Three local youths died in a horrendous wreck when their small car was run
into a ditch by an out of control truck in June. The truck's chassis
ploughed right over the car, crushing and killing them on the spot.
In July Lex's sister-in-law died; age 42.
August was a month when horror visited children. A six year old Hands and
Feet orphan drowned in the Caribbean Sea. After searching for hours, the
matrons gave up when night fell. The girl?s body was discovered the next
day, her extremities gone. The same month Kylene, a MoHI Sunday singer,
lost her third baby in four pregnancies. The baby was full term, yet born
dead.
I hoped that September would break the pattern; but all kinds of odd
disease flourished. Toto had a wound on his arm that blistered and sent him
to the hospital; he missed three weeks of work. Ble, the painter, got a
cut on his leg that festered into an ugly infection. He limped around the
site for days with his pants leg rolled up so fresh air could scab over the
oozing pus, but with so much plaster dust in the air his leg healed
slowly. Fanes came down with a stomach bug, the front end version of what
plagued me, but in a more severe form. He could not keep any food down,
lost sixty pounds and moved to Les Cayes where his family could care for
him. Two days after I returned to the States Fanes died. Dysentery?

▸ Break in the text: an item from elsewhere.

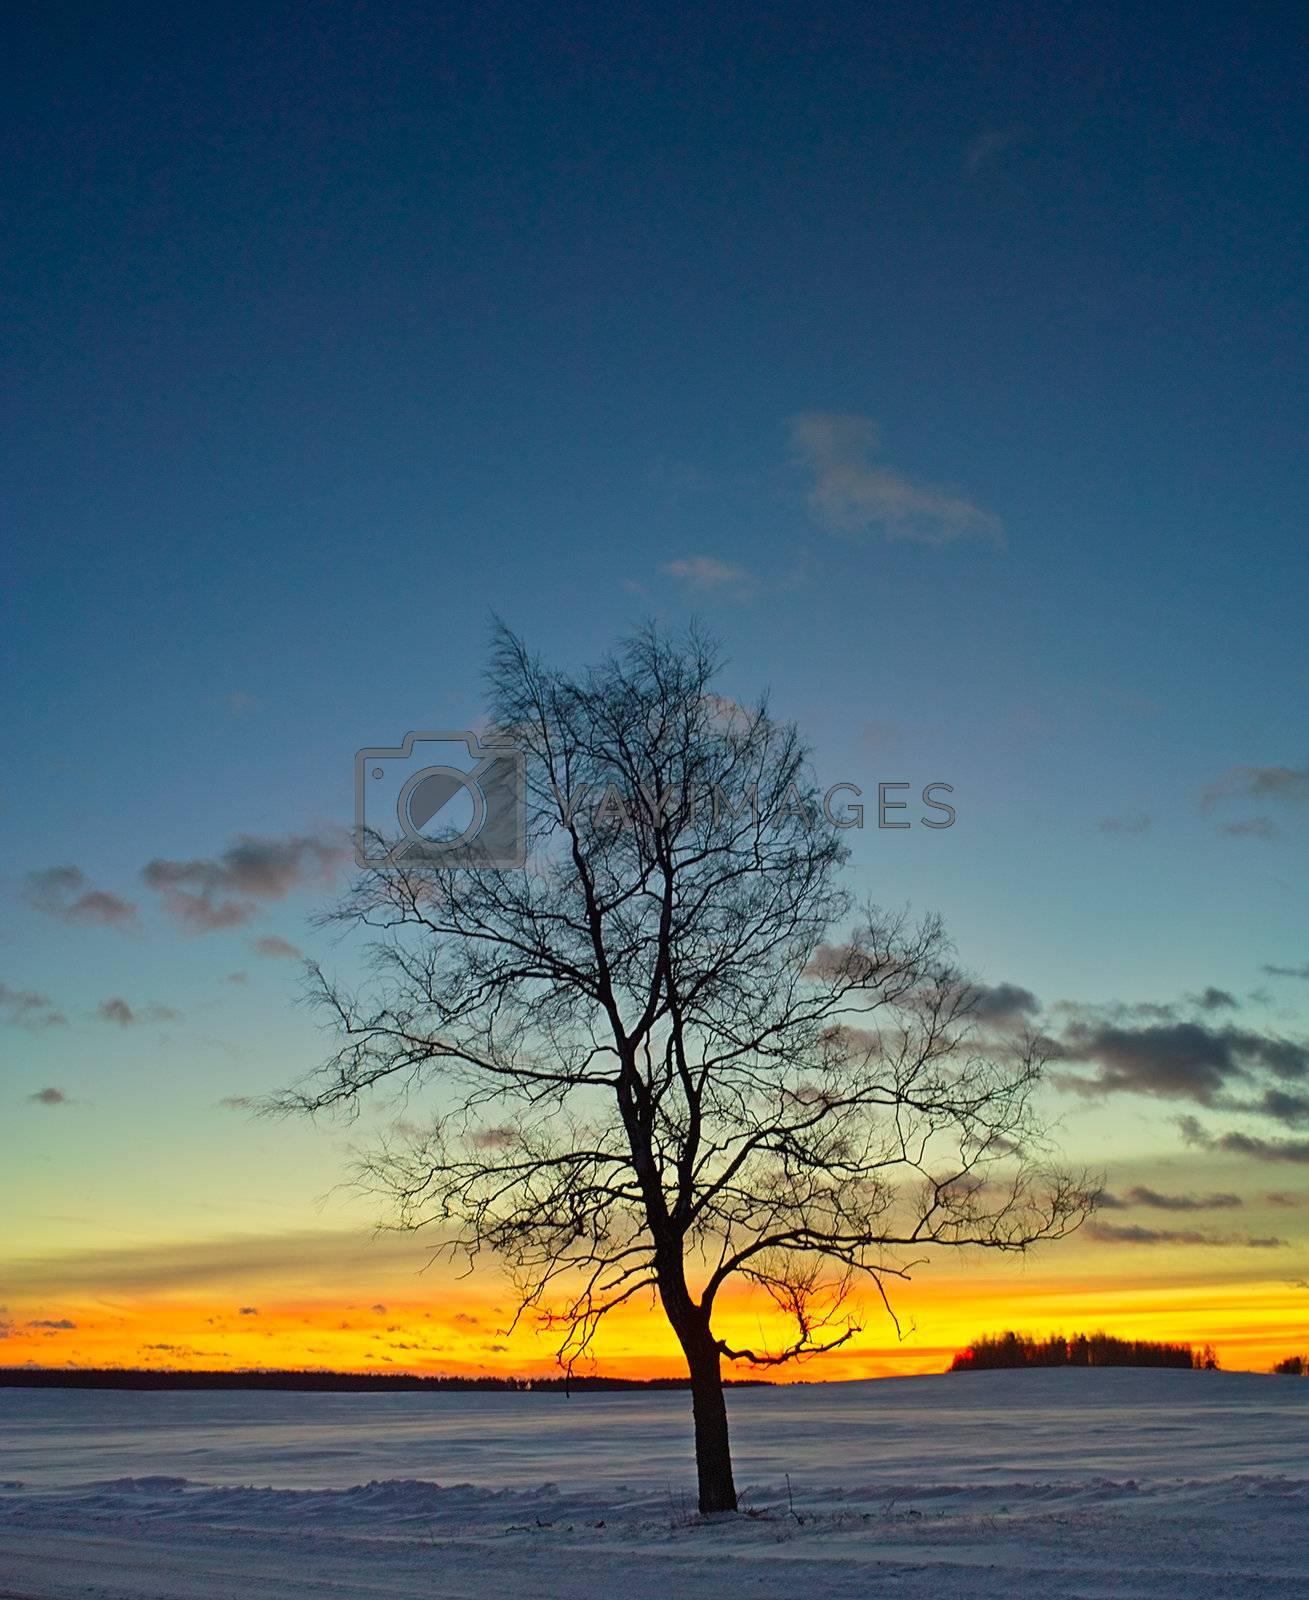 birch tree silhouette at orange winter sunrise

Worms? Whatever took this healthy man in his middle forties was likely
something that could have been diagnosed and treated in any industrial
nation.
When I return this month a banner in the crew's lunch tent honors Boss
Fanes, but in truth, I have not heard his name mentioned even once. Two
weeks after passing, life without Fanes is the new normal; everyone has
moved on.
There is no time to grieve for Fanes, or the drowned girl, or Pepe's
father-in-law, or Dieunison's mother because today we have a new tragedy,
five bodies lying together wrapped in a USAID tarp. Lex prays over them
while a crowd of Haitians in ponchos and ripped garbage bags witness their
passing before Hurricane Sandy even departs our shores.
At least half these people who died this year could have been saved by
elementary public health measures - clean water, safe houses, vehicle
inspections, maternity care, life guards. We take these for granted in the
United States and other developed countries. But for nine million
Haitians, and a billion others around the planet, these simple safeguards
do not exist. So people continue to die from landslides and labor;
dysentery and drowning; and as long as we allow these conditions to prevail
for our fellow humans, our society is less developed than we pretend.